Much of the paperwork involved in closing (or settlement) is done by attorneys and real estate professionals. The buyer may be involved in some of the closing activities and not in others, depending on local customs and on the professionals with whom they are working.

Before you close on the house, the buyer should have a final inspection, or walk-through, to make sure any repairs they requested have been made and that items which were to remain with the house (drapes, light fixtures) are still there.

In most states, settlement is done by a title or escrow firm to which the buyer forwards all the materials and information along with the appropriate cashier’s check, and the firm will make the necessary disbursements. The real estate agent or another representative of the title company will deliver the check to the seller and the house keys to the buyer.

Statutory Costs

Statutory costs are expenses the buyer will have to pay to state and local agencies even if they paid cash for the house and did not need to take out a mortgage. They include the following:

Transfer taxes are required by some localities to transfer the title and deed from the seller to the buyer.

Recording fees for deed pay for the county clerk to record the deed and mortgage and change the property tax billing.

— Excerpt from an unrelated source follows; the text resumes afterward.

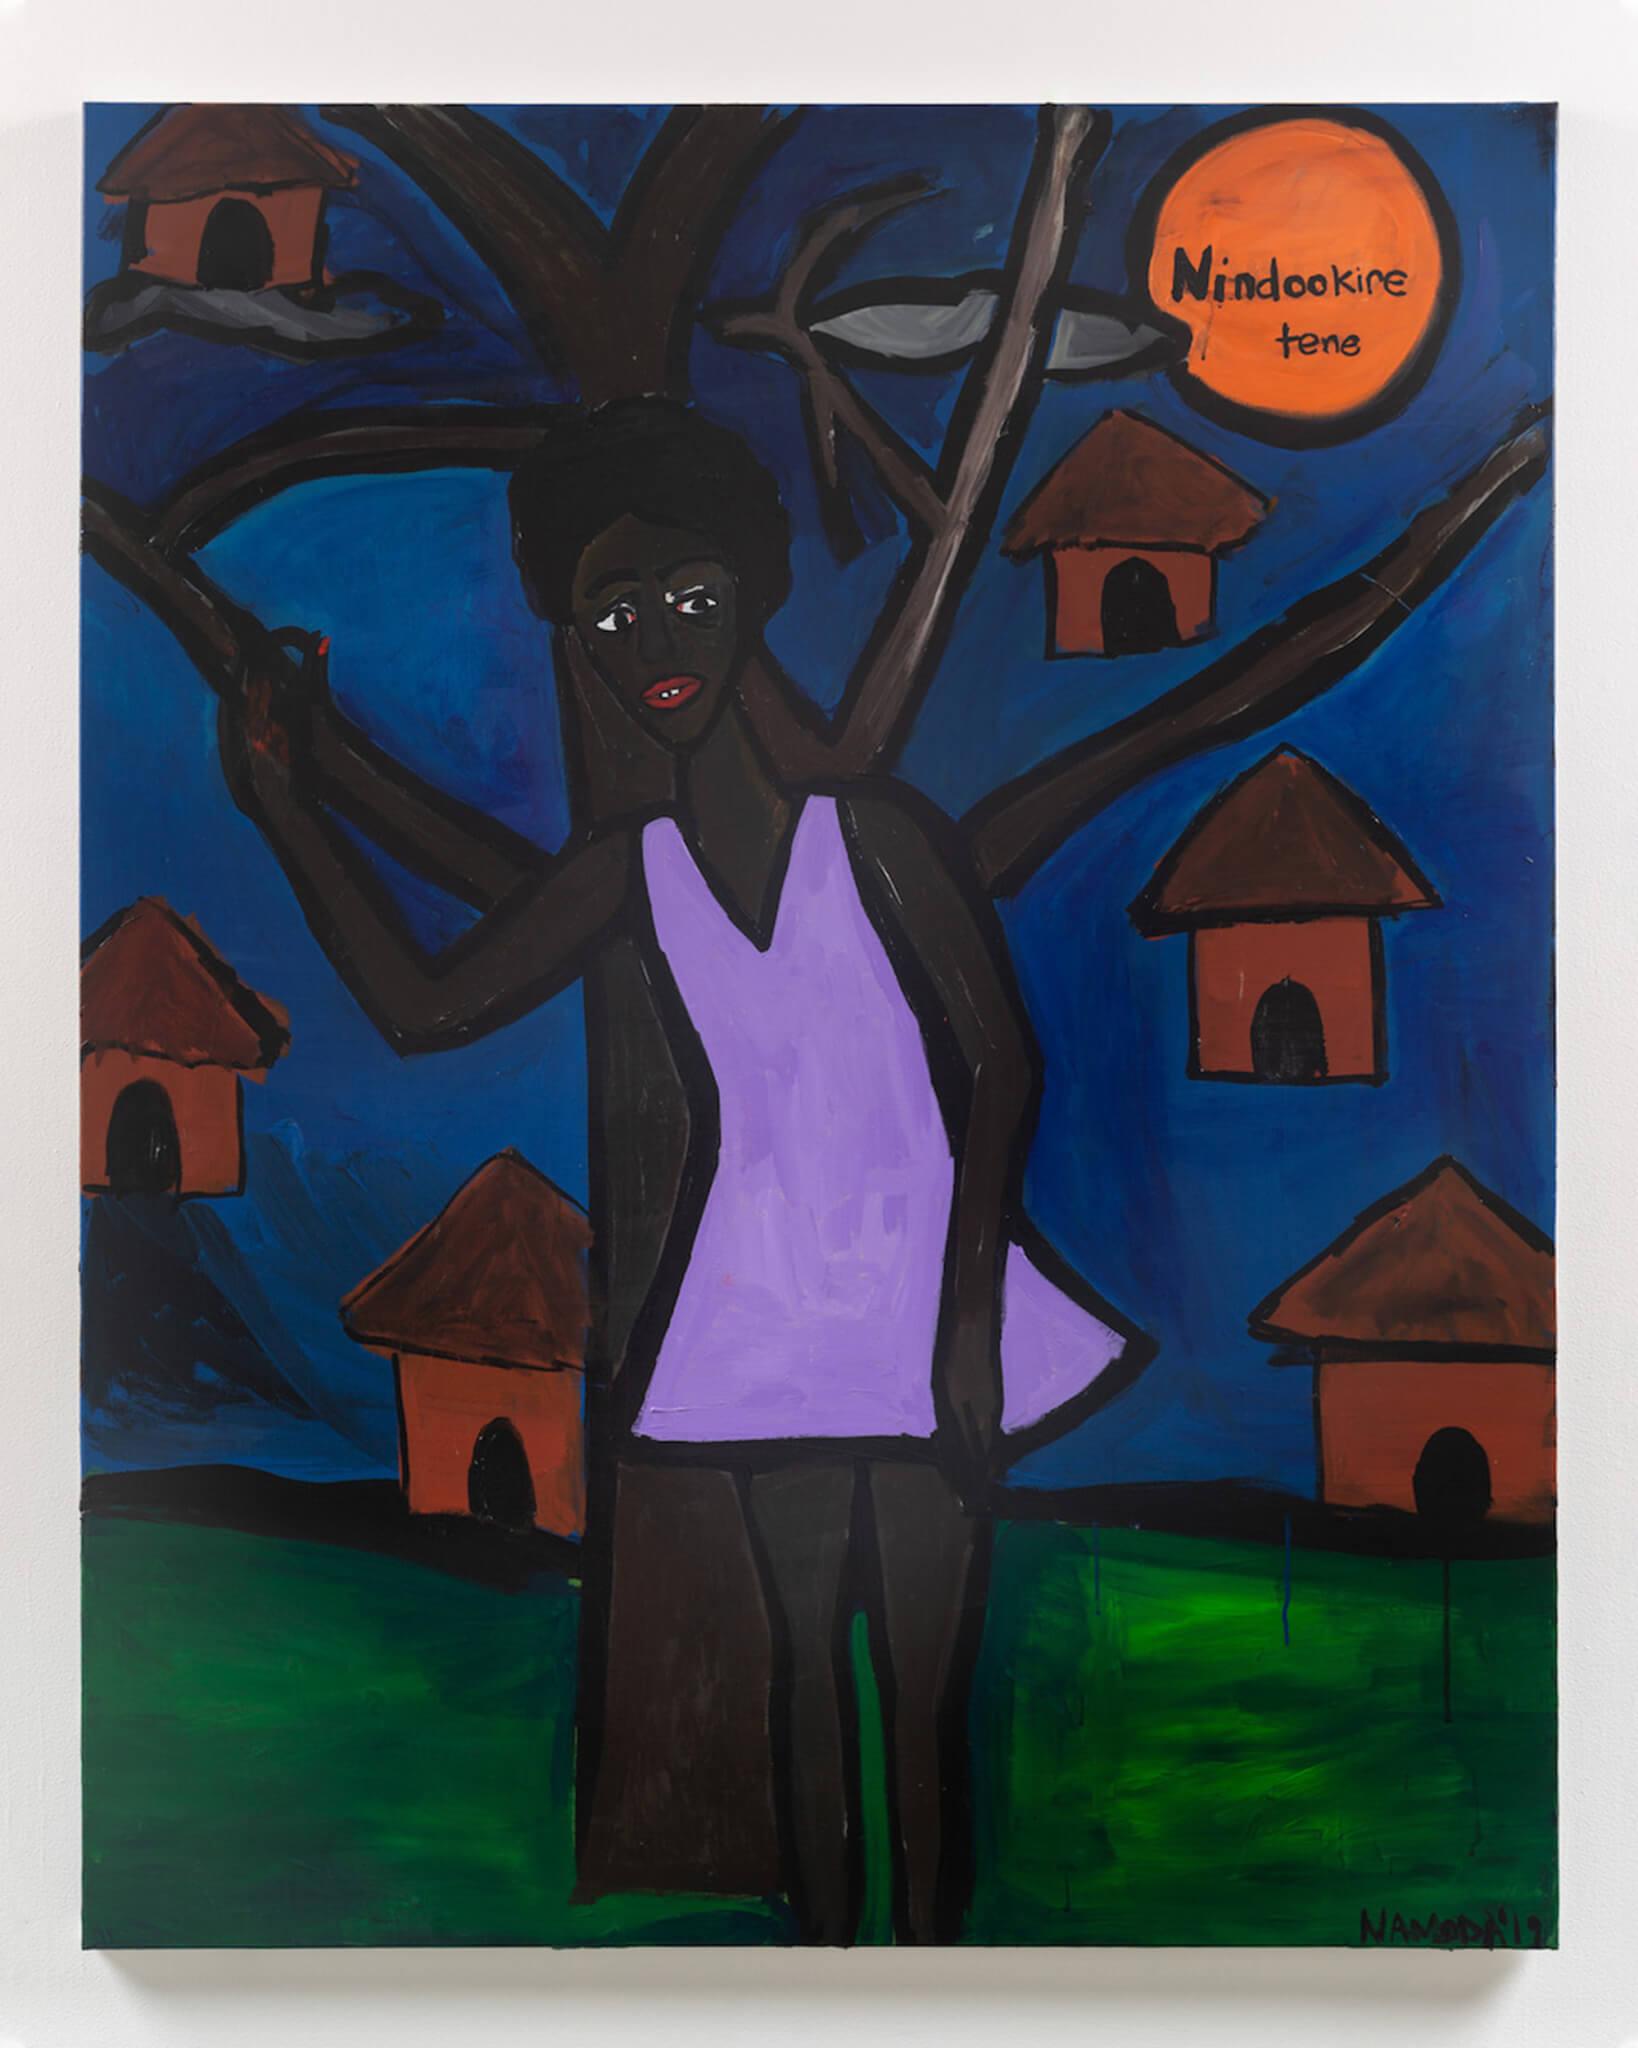 Namoda, Spirit Of a Man Who Died a Long Time Ago, 2019 (CN 19.031) copy

Pro-rated taxes such as school taxes and municipal taxes may have to be split between the buyer and the seller because they are due at different times of the year. For example, if taxes are due in October and the closing is in August, the buyer would owe taxes for 2 months while the seller would owe taxes for the other 10 months. Prorated taxes usually are paid based on the number of days (not months) of ownership. Some lenders may require the buyer to set up an escrow account to cover these bills. If the lender does not require an escrow account, the buyer may want to set up a special account on their own to make sure they have money set aside for these important, and large, bills.

Other state and local fees can include mortgage taxes levied by states as well as other local fees.

Third-Party Costs

Third-party costs are expenses paid to others such as inspectors or insurance firms. The buyer will have to pay many of these expenses even if they pay cash for the house. Examples of third-party costs are as follows:

Attorney fees:

The buyer will probably want to work with an attorney when buying a home. Attorneys usually charge a percentage of the selling price (three-fourths or 1 percent), but some may work for a flat fee or on an hourly basis.

Title search costs:

Usually the attorneys will arrange for the title search to make sure there are no obstacles (liens, lawsuits) to the transaction. In some cases, the buyer and seller may work with a title company to verify a clear title to the property.

Homeowner's insurance:

Most lenders require that the buyer prepay the first year's premium for homeowner's insurance (sometimes called hazard insurance) and bring proof of payment to the closing. This ensures that their investment will be secured, even if the house is destroyed.

Real estate agent's sales commission:

The seller pays the commission to the real estate agent. If one agent lists the property and another sells it, the commission usually is split between the two. It's important to keep in mind that even the commission is negotiable between the seller and the agent.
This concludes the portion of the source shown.